Religion pushes hard against society in the world of the play. The characters’s secret desires are sandwiched between both religion and society’s ideas of normalcy and proper behavior and then squeezed. This provides the tension that powers the engine of the play. 

Religion, as we know it, is mashed up with Equus worship. Virtually everything about Alan’s worship of Equus has a counterpart in Christianity. Equus is referred to as “Him.” Alan calls Nugget’s lump of sugar “the last supper” and the word “worship” is used dozens of times while referring to Alan’s routines at the stables with the horses.

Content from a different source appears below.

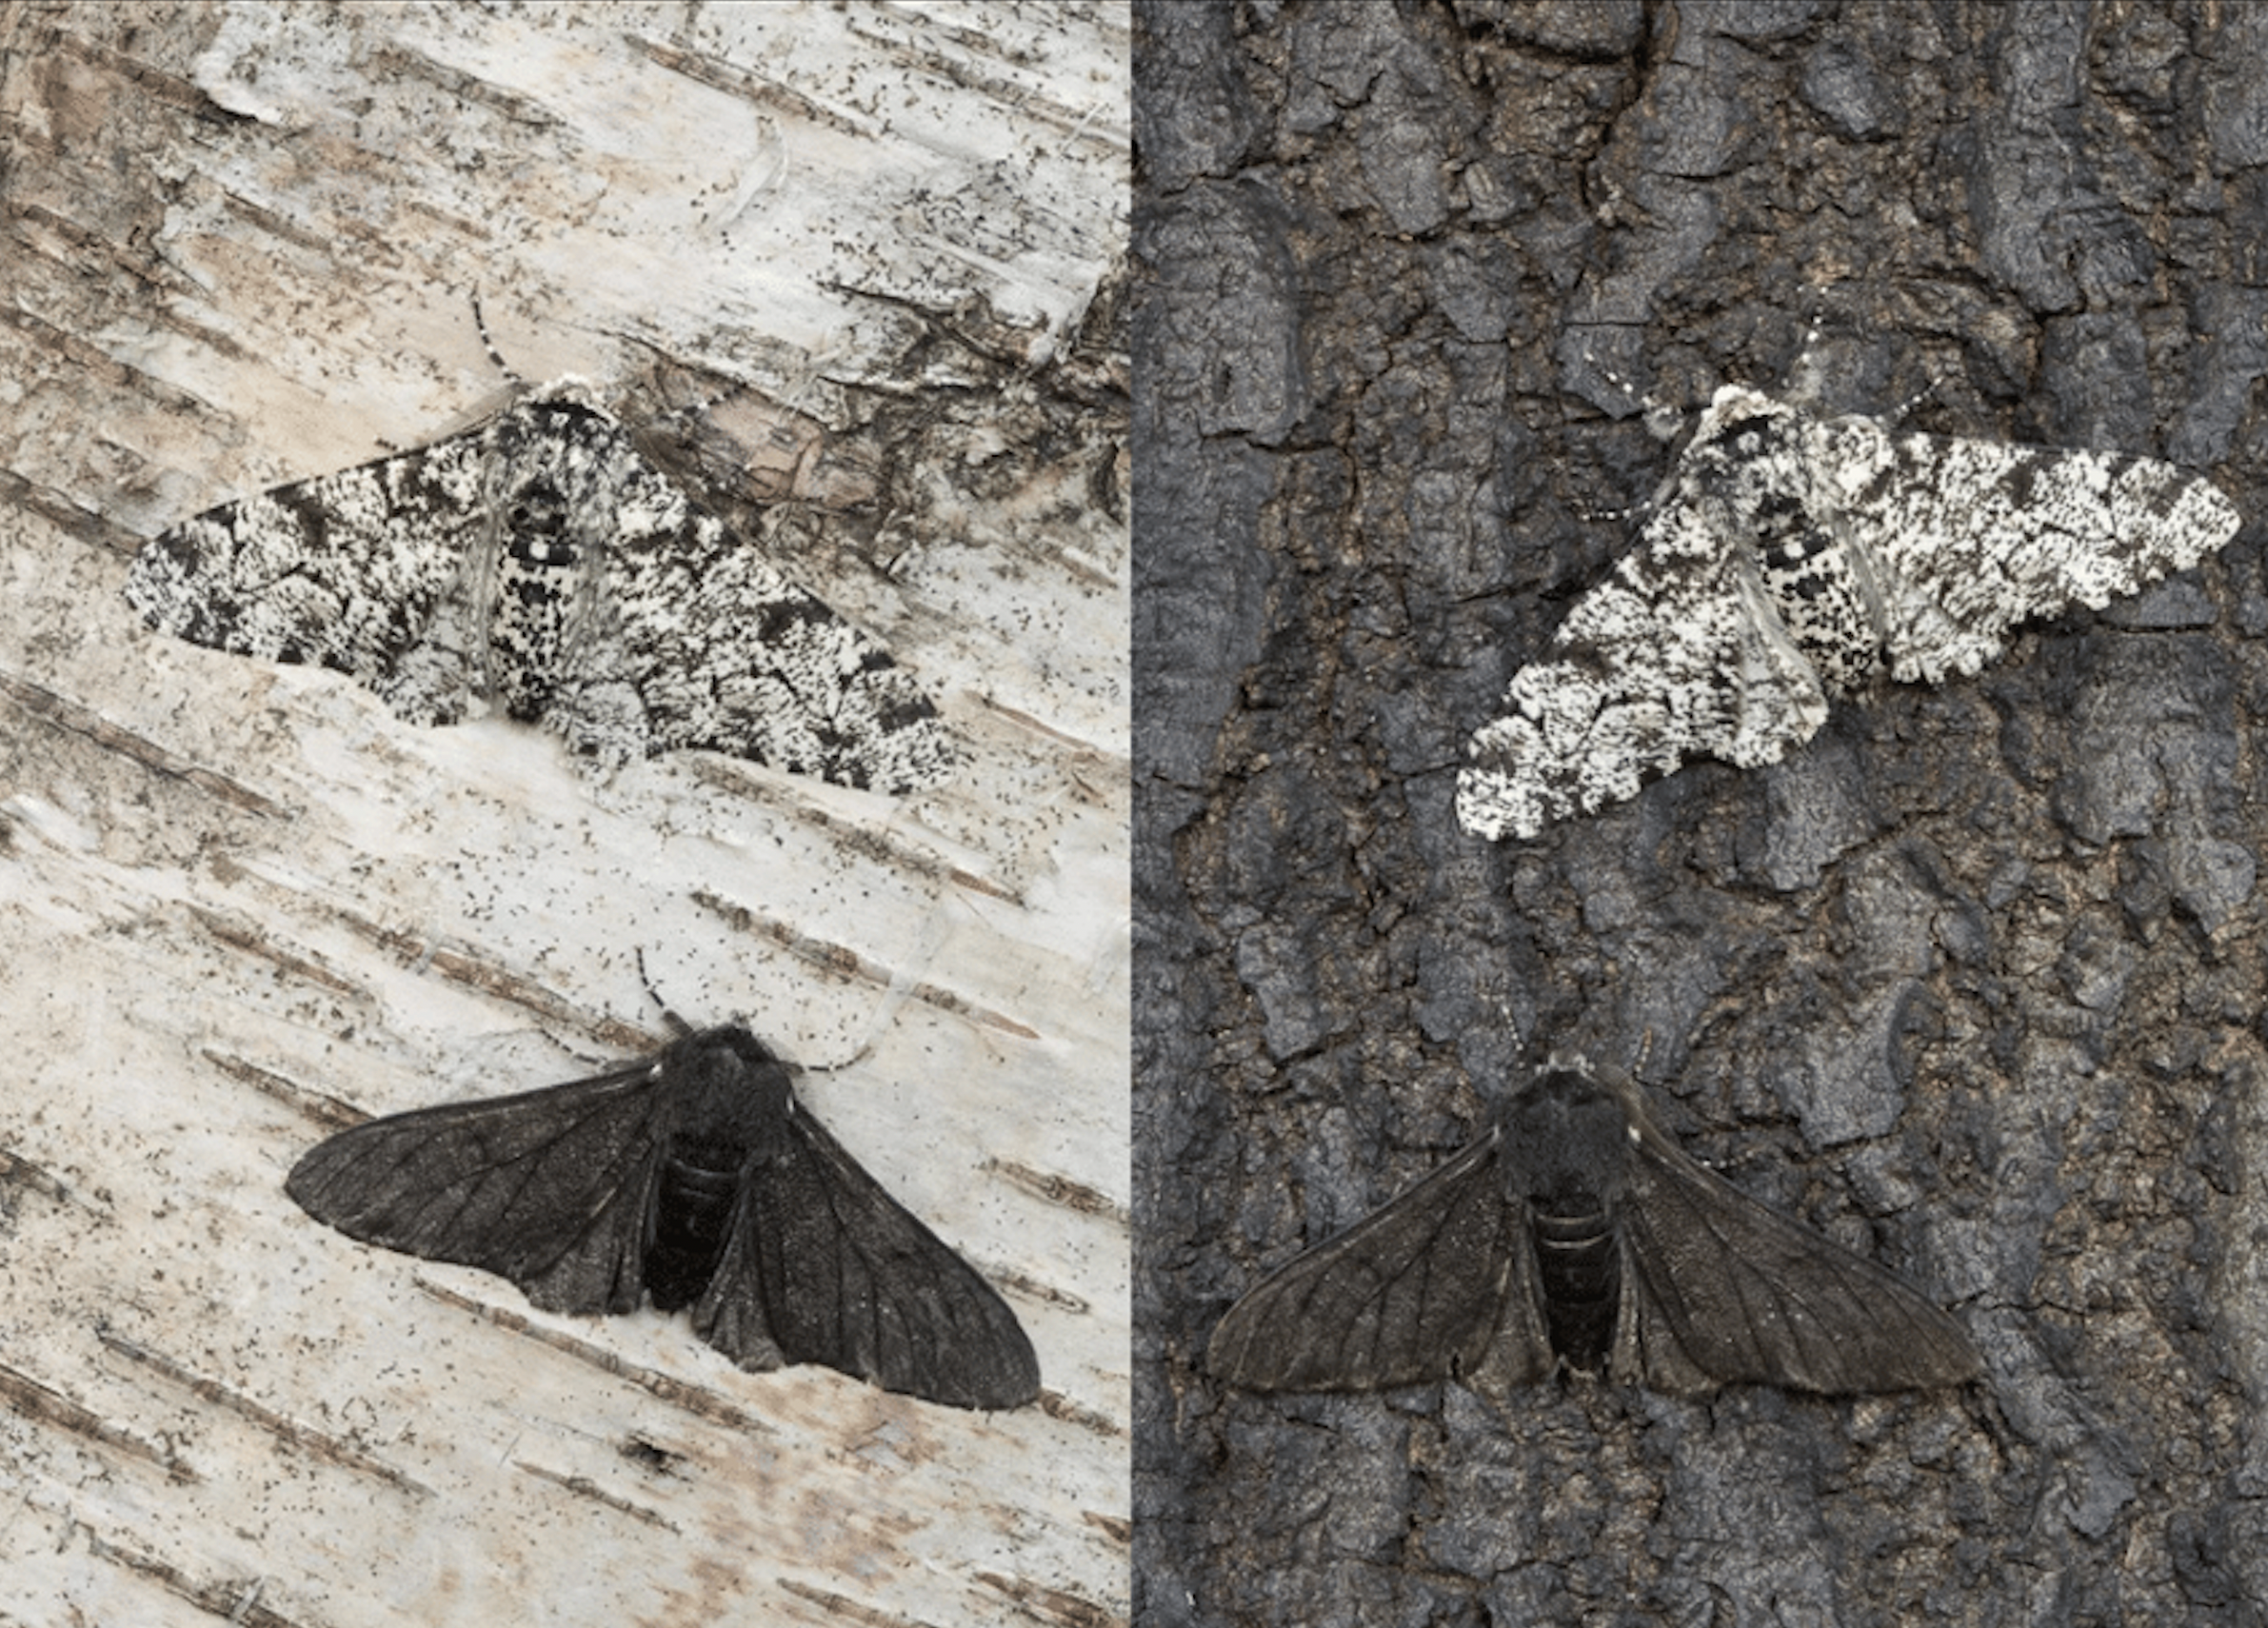 bướm đen và bướm trắng trên thân cây bạch dương
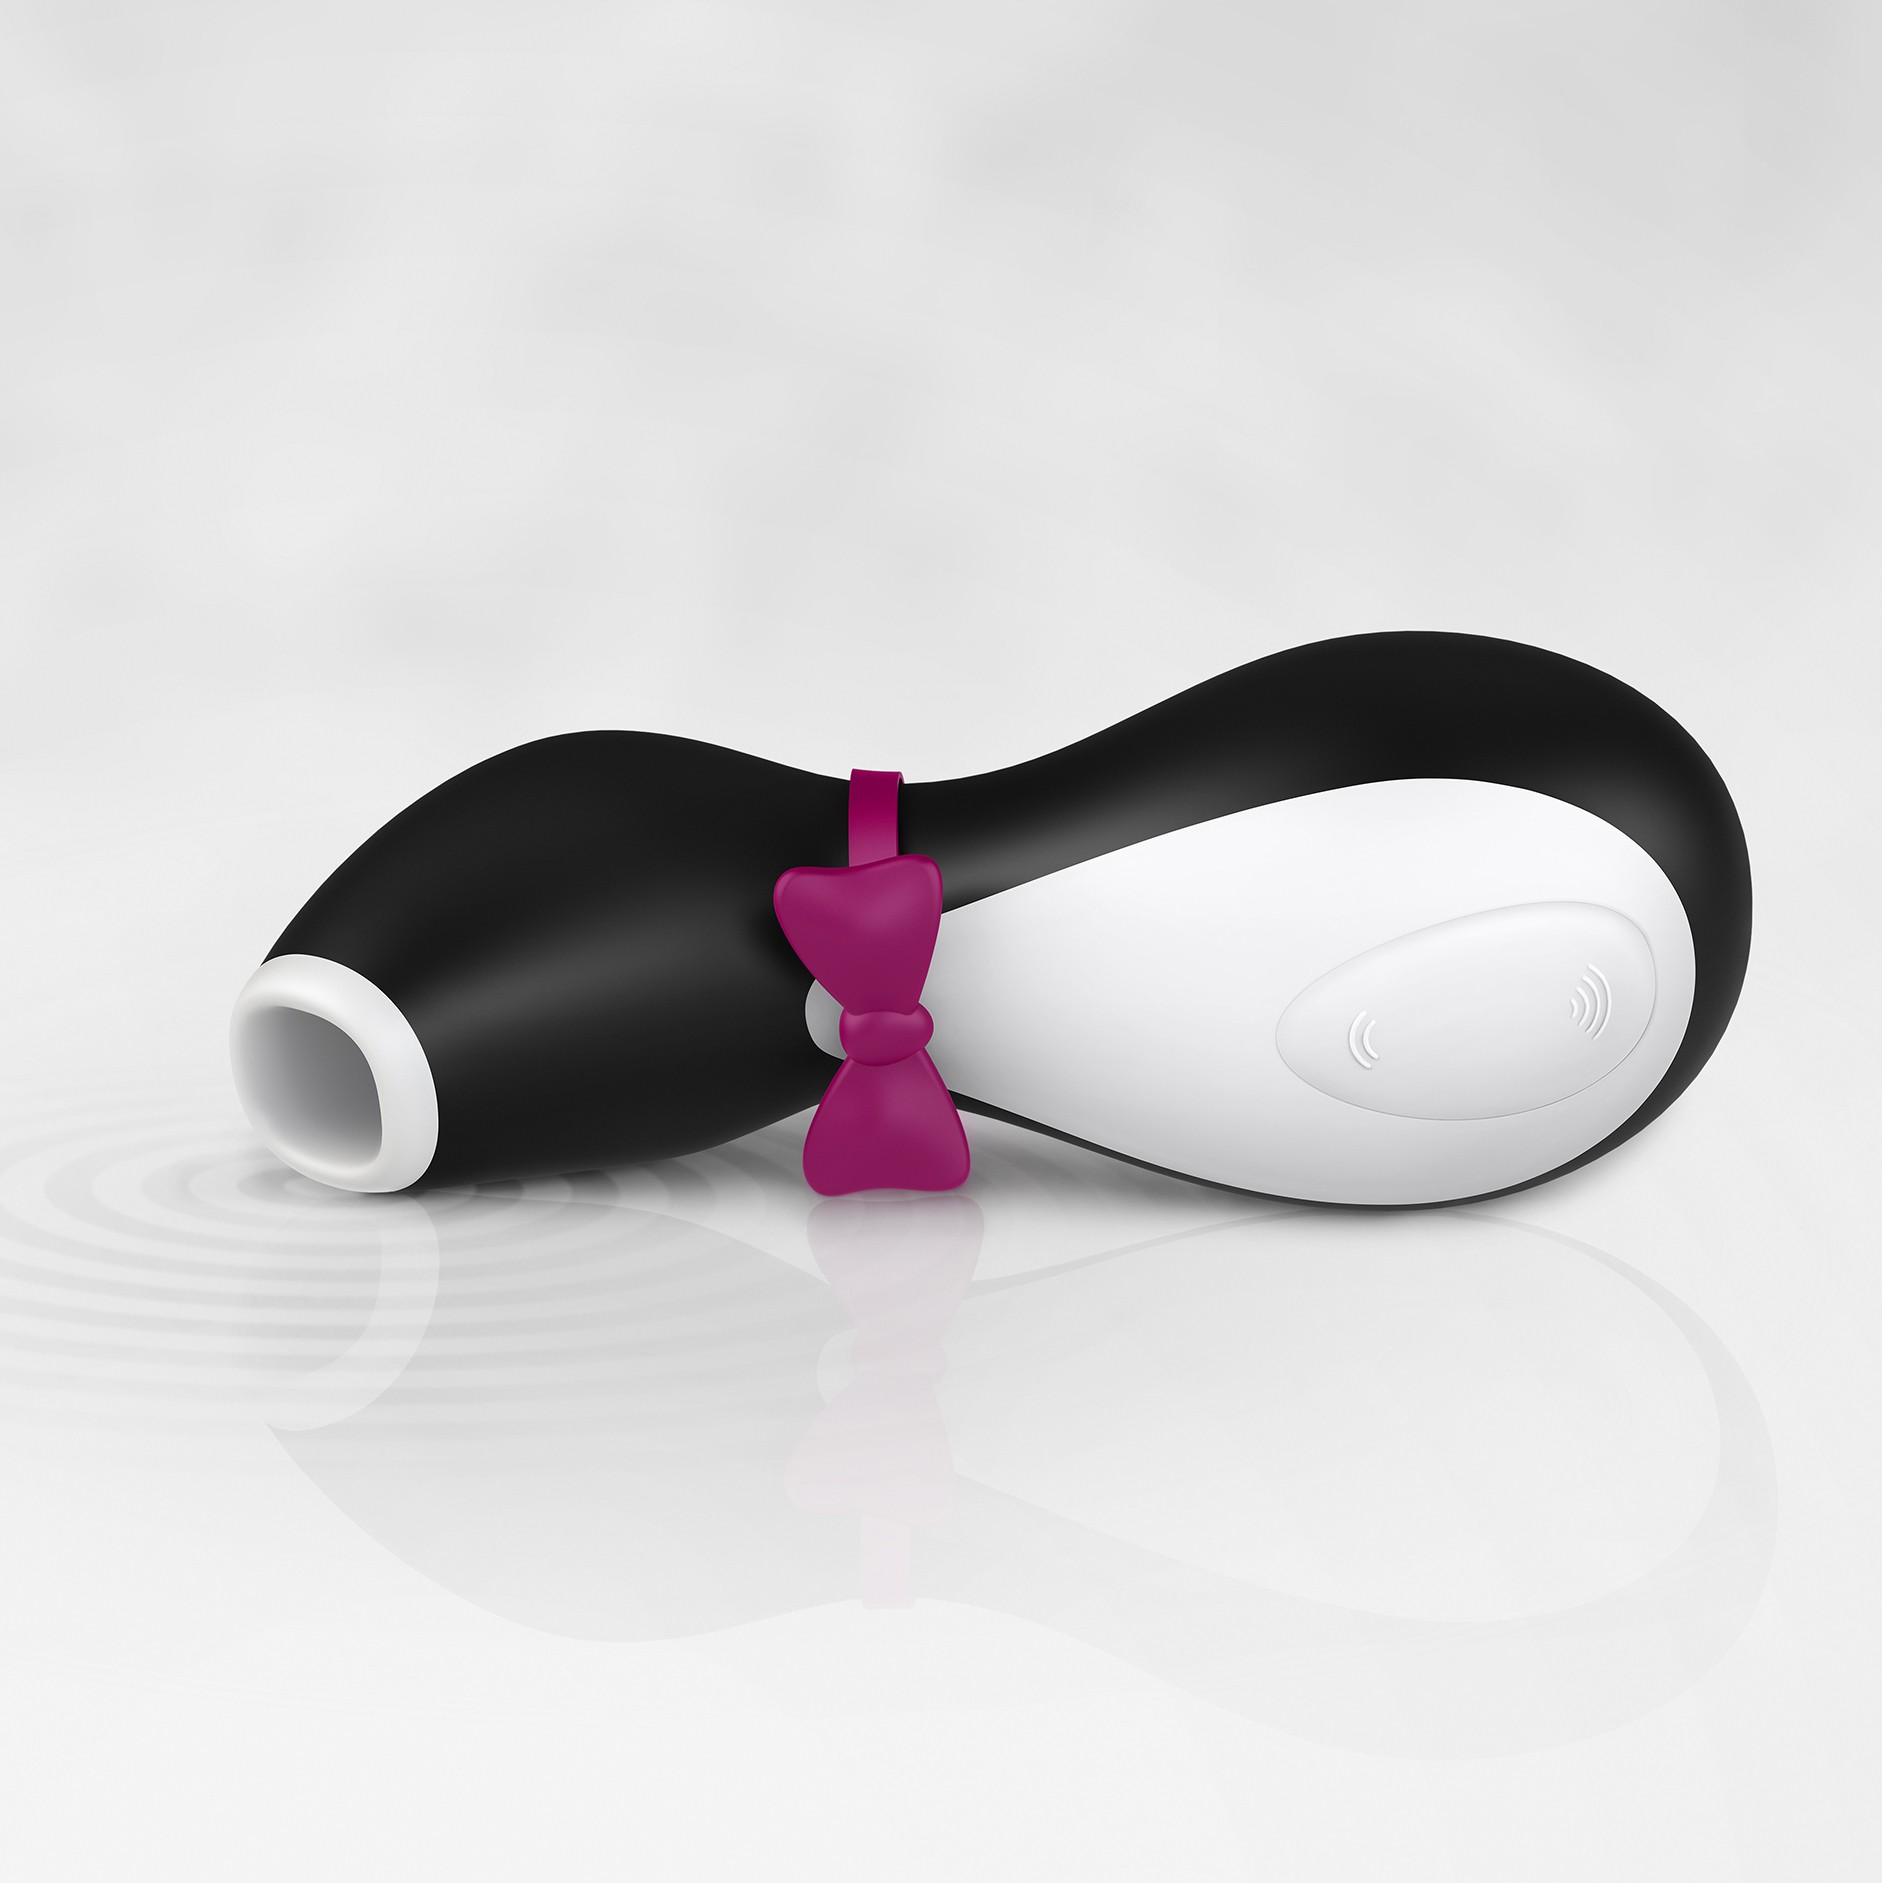 Satisfyer Penguin Air Pulse Emiş Yapabilen Vibratör

There are countless rituals, mirroring everything from a child’s bedtime prayers to Sundays at Church to being slain in the spirit, referring to religious ecstasy when overtaken by the holy spirit.

There is also the question of where Equus the Godslave came from. From a purely logical standpoint he is the symptom of a sick mind. Alan has unconsciously created a god to worship cobbled together from fragments of Christianity, Paganism, his own imagination...and even name brands of household appliances (Hosts of Hoover, Philco, etc.) The play suggests that the tension between a doting but weak mother’s religious views and an overbearing father’s political beliefs has somehow warped Alan. 

Another answer might be that Equus is not simply a by-product of mental illness, that Equus has less to do with the science of the mind and more to do with the Greek gods. What if Equus was an entity that has, through Alan, found a way to re-emerge from the darkness into the world? An old god? A devil? This sort of worldview is certainly not unique in the play. There are plenty of mentions of paganism and the old gods---myths only because we choose to call them that. How is Alan’s worship of the Equus entity less relevant than Dora’s belief in Christ and the devil?